Ngalmi and Manggurra take their young people to Andanangki

— by Communications Manager

Grant Nundhirribala and Rebecca Love at the Ngalmi and Manggurra Culture Camp, Andanangki.

Prior to the wet season settling in, Eve Pawlik, Indigenous Traditional Dance Coordinator attended the final bush camp for 2019 with Ngalmi and Manggurra clan groups at Andanangki (Walker River) outstation, 3 hours north of the Numbulwar township. ‘Numburindi: Strengthening Culture and Country’ is a program that supports the inter-generational learning and exchange for young people in Numbulwar to travel to their surrounding homelands and learn on Country.

Andanangki has strong cultural links for Ngalmi and Manggurra, which enabled them to combine their bush camps. It was the first time many young people ranging from 2 – 17 years of age had had the opportunity to travel to this Country, including a couple of young girls who were also able to join and experience bush camp learnings.

You got to make sure you learn. You learn to read and write, and speak strong so you can be protecting your Country and keeping it safe.

Rebecca Love

Day trips to Harris Creek and Waldnarr were made for hunting and the collection of materials to make Lhambilbil (Didjeridoo / Yidaki) and clap sticks. The men showed the young boys how to collect the right timber and the process of making was demonstrated. Clap sticks were later used during the wungubal.

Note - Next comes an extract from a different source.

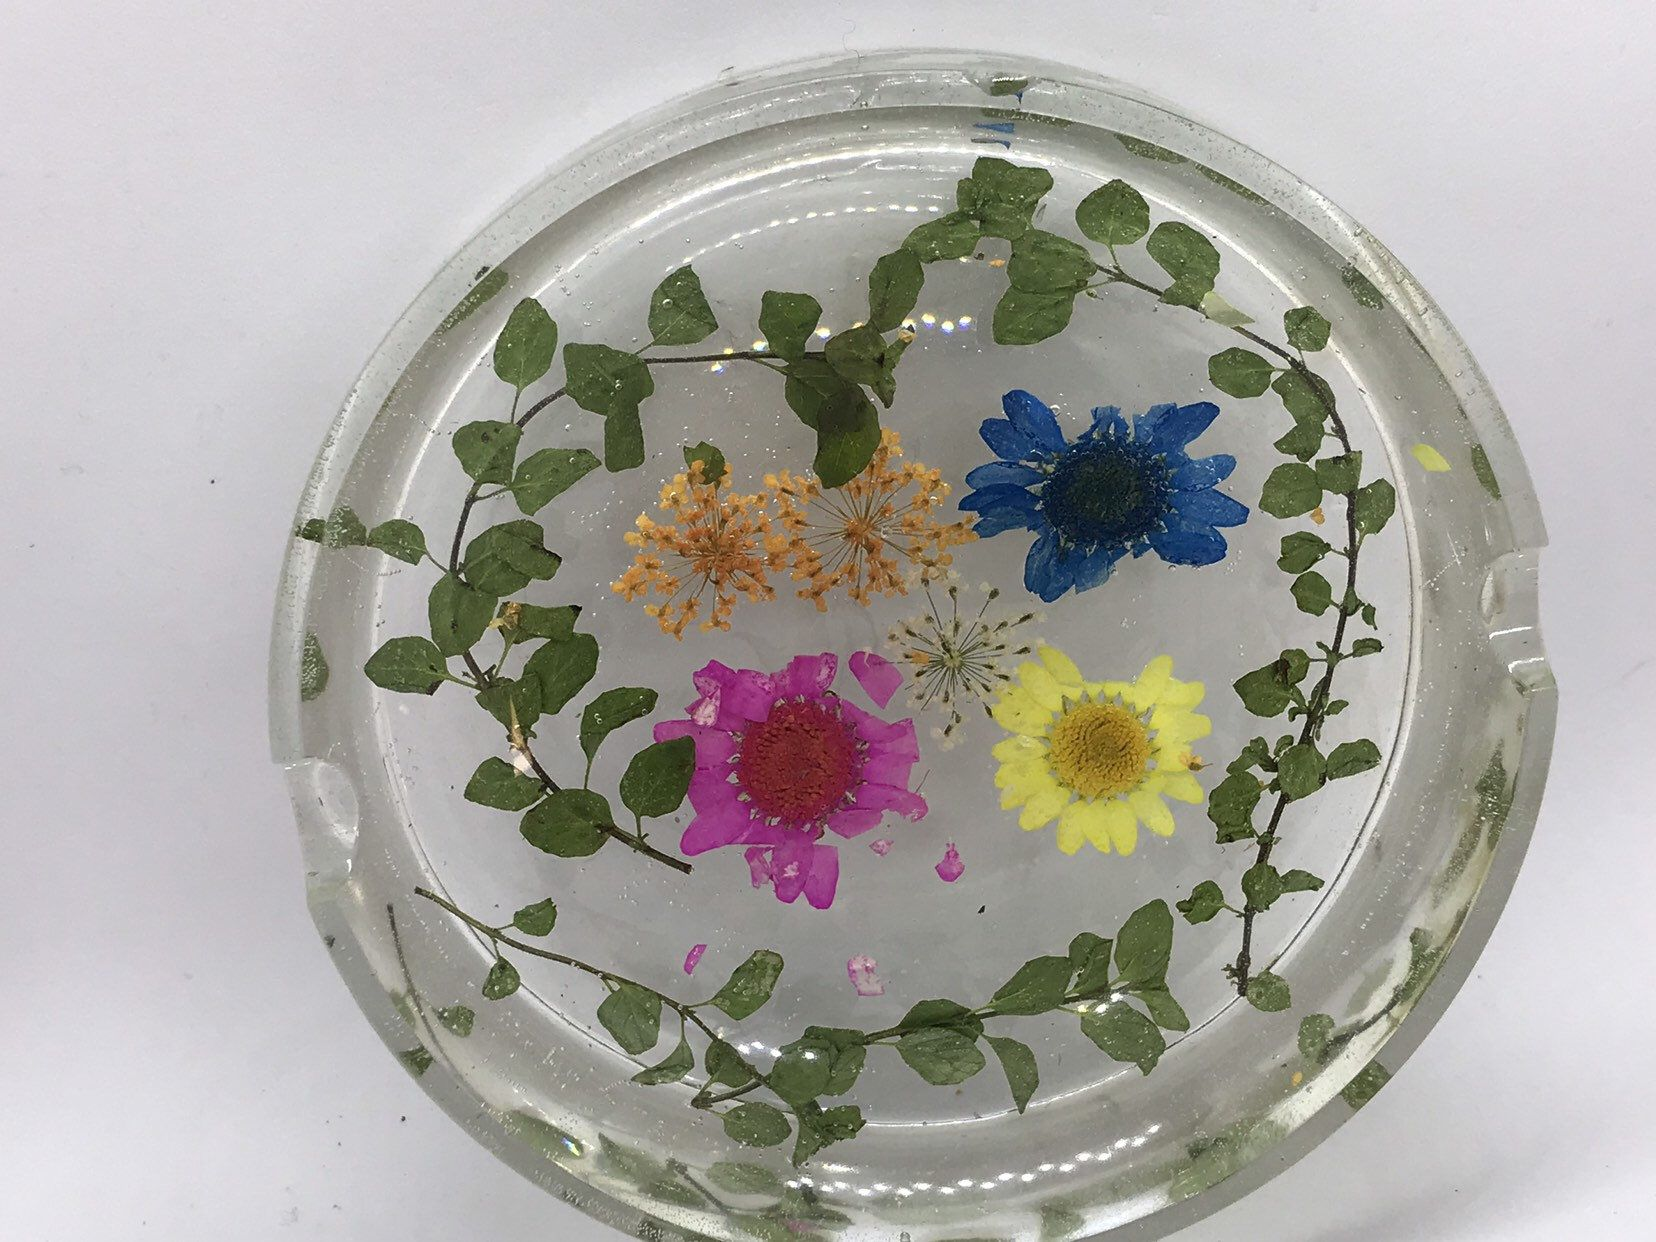 HAMSA HAND trinket ring soap dish jewelry jewellery tray fatima preserved pressed floral epoxy resin art boho decor botanical spiritual

We have clap and didj as well, didj is from Numbulwar too, we call it, Lhambilbil. In our language, in Nunggubuyu. It’s made from the same tree as further north. When we go looking for that special tree, we hit it with the axe or machete or stick and when you feel that and you hear that sound go ‘clock’, you know it is ready. It grows out at Miwul. Use it for clap stick as well. My father used to tell me story that they made didj out of pandanus too. Would have a different sound, like a real high note.

Grant Nundhirribala

Animals such as turtle, kangaroo and duck that had been hunted during the day were later prepared for dinners along with other bush foods. In the evening wungubal rehearsals and storytelling about both clan group songlines in Kreol and Wubuy took place.

This area here is a sacred area for my country. If we drive five minutes up the road it comes out into a big jungle. That area is my area, secret one. The biggest mob of pig, buffalo. Good hunting place. There are ghosts that way too. Women and men both can go there.

Grant Nundhirribala

Artback NT receives multi-year funding from Tim Fairfax Family Foundation to coordinate, support and collaborate on this project with the community.